You can solve this problem easily using the proximal gradient method or an accelerated proximal gradient method such as FISTA. This is a powerful tool that everyone can easily learn to use. The proximal gradient method solves optimization problems of the form
$$
\text{minimize} \quad f(x) + g(x)
$$
where $f$ and $g$ are convex and $f$ is differentiable (with a Lipschitz continuous gradient) and $g$ is "simple" in the sense that its proximal operator can be evaluated efficiently. The proximal operator of $g$ is defined as follows:
$$
\tag{$\spadesuit$}
\text{prox}_{tg}(\hat x) = \arg \, \min_x \quad g(x) + \frac{1}{2t} \| x - \hat x \|_2^2.
$$
The proximal operator of $g$ reduces the value of $g$ without straying too far from $\hat x$. The parameter $t > 0$ can be thought of as a "step size" that controls how far away from $\hat x$ we are allowed to move. Note that $g$ is not required to be differentiable. (But $g$ is required to be lower-semicontinuous, which is a mild condition that is usually satisfied in practice.)
The proximal gradient method iteration is
$$
x^{k+1} = \text{prox}_{tg}(x^k - t \nabla f(x^k)).
$$
What is happening here is that, starting from the current location $x^k$, we take a gradient descent step to reduce the value of $f$, then we apply the prox-operator of $g$ to reduce the value of $g$.
The step size $t > 0$ is required to satisfy $t \leq 1/L$, where $L$ is a Lipschitz constant for $\nabla f$. (There is also a line search version of the proximal gradient method that might converge faster.

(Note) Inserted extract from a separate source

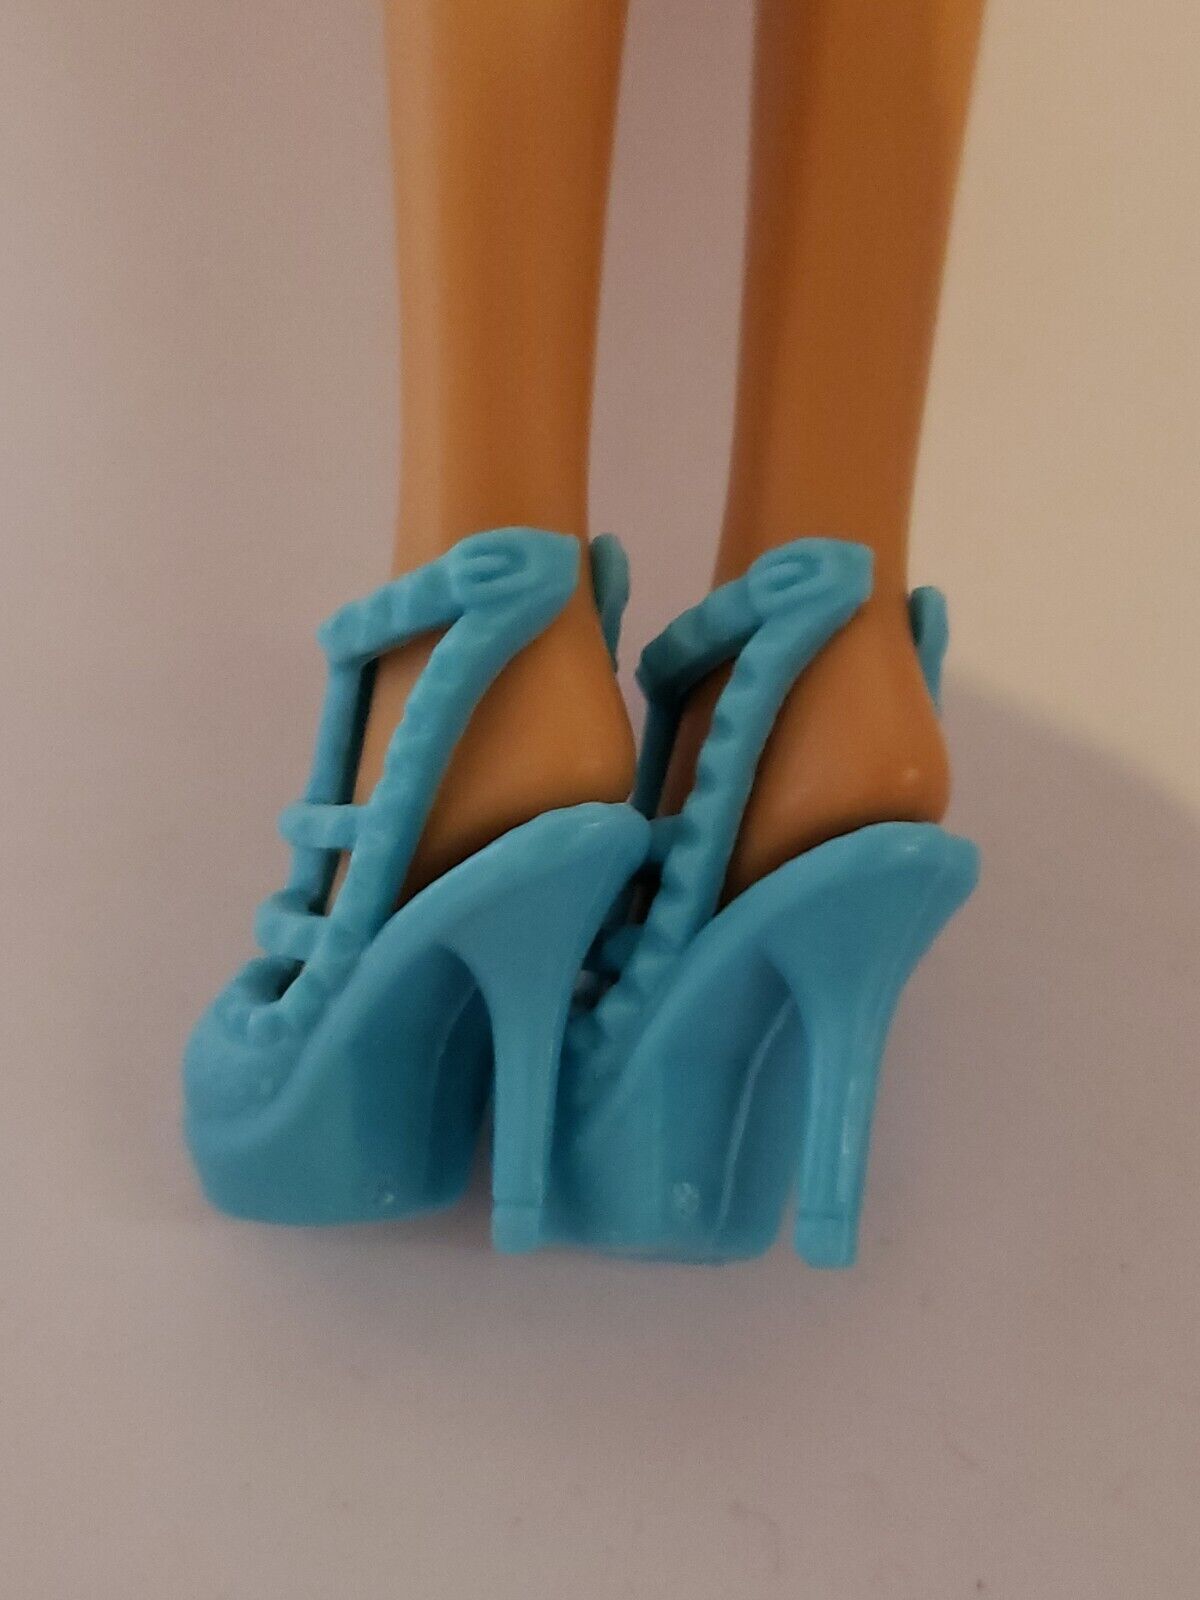 TURQUOISE COLORED HIGH HEEL STILETTO SHOES for Barbie
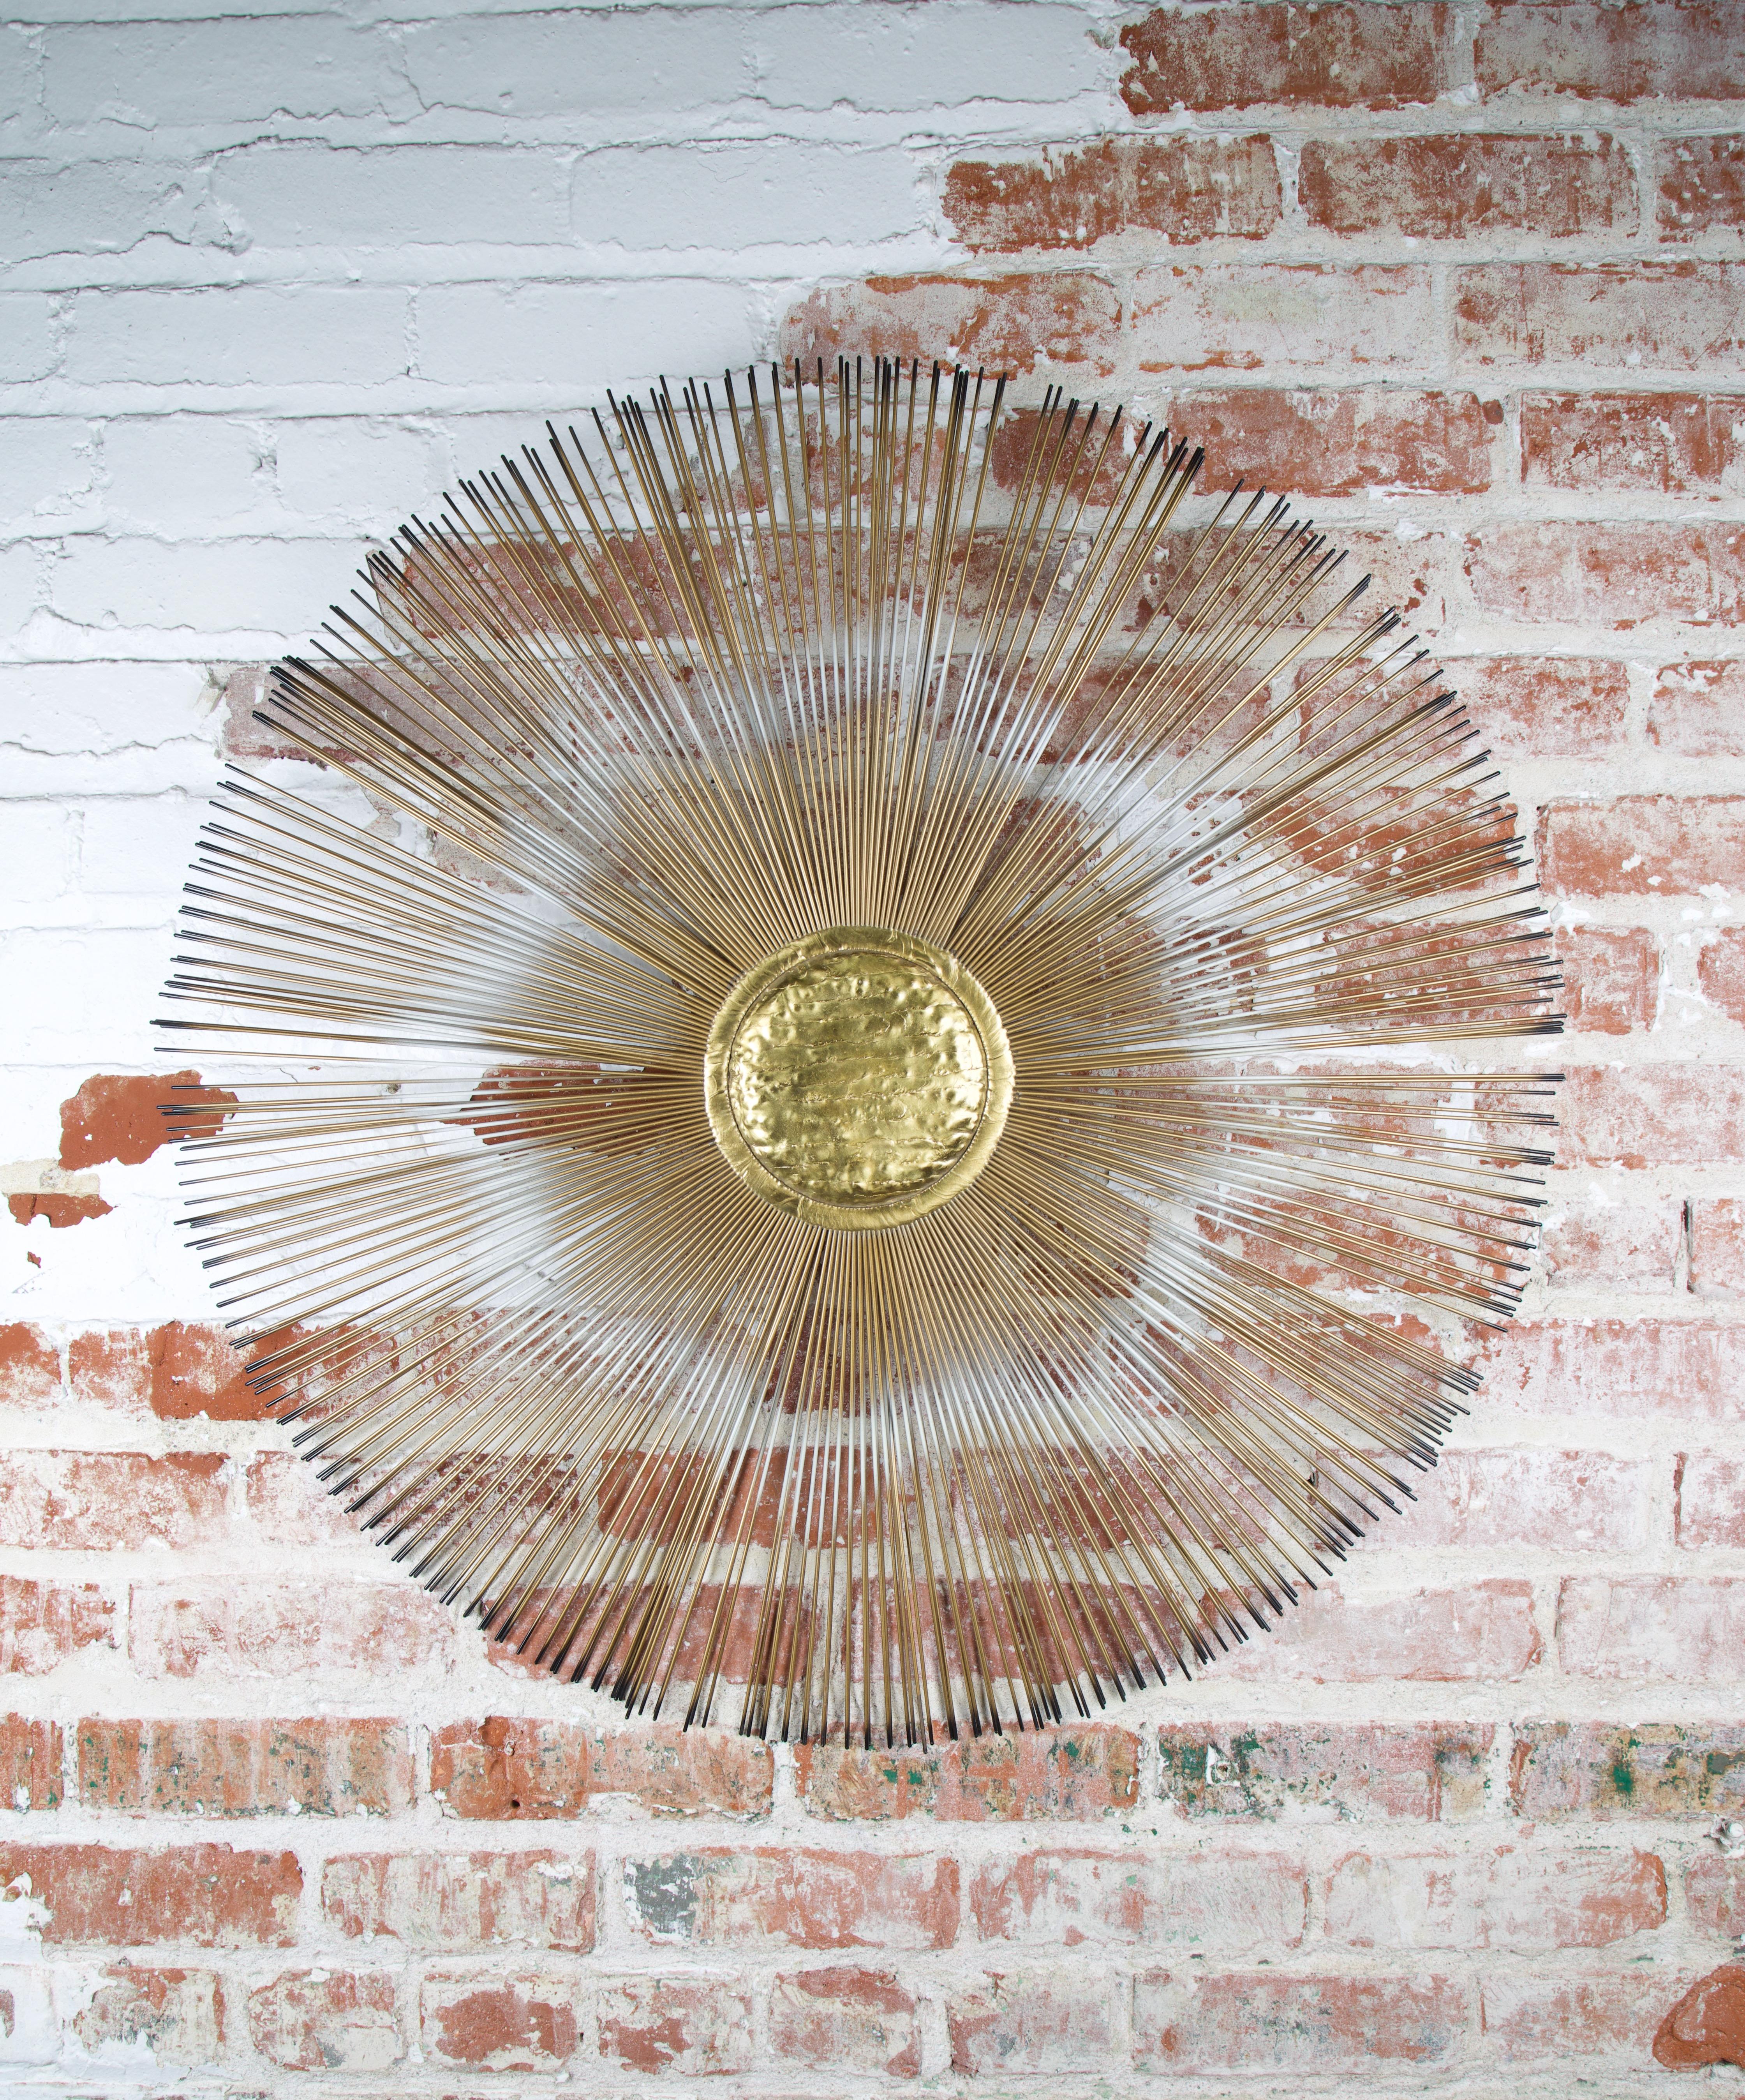 Sunburst wall sculpture with a hammered brass center and two layers of painted rods creating a sunburst effect. The artist hand signed the sculpture on the verso.

In the line search version the step size $t$ is chosen adaptively at each iteration.)
Your optimization problem has the form $(\spadesuit)$ where
$$
f(x) = \| Ax - b \|_2^2
$$
and
$$
g(x) = \lambda \|x\|_2.
$$
The gradient of $f$ can be evaluated using calculus:
$$
\nabla f(x) = 2 A^T(Ax - b).
$$
There is a nice formula for the proximal operator of the $\ell_2$-norm:
$$
\text{prox}_{tg}(x) = \text{prox}_{t \lambda \| \cdot \|_2}(x) = x - P_B(x),
$$
where $B$ is the $2$-norm ball of radius $t \lambda$ centered at the origin and $P_B(x)$ is the projection of $x$ onto $B$. (A formula for the proximal operator of a norm can be found for example in Vandenberghe's UCLA 236c notes. See chapter 8 "The proximal mapping", slide 8-3.)
With these formulas, you are ready to implement the proximal gradient method to solve your optimization problem using just a few lines of code. There is also an accelerated version of the proximal gradient method known as FISTA which is equally simple and likely converges faster.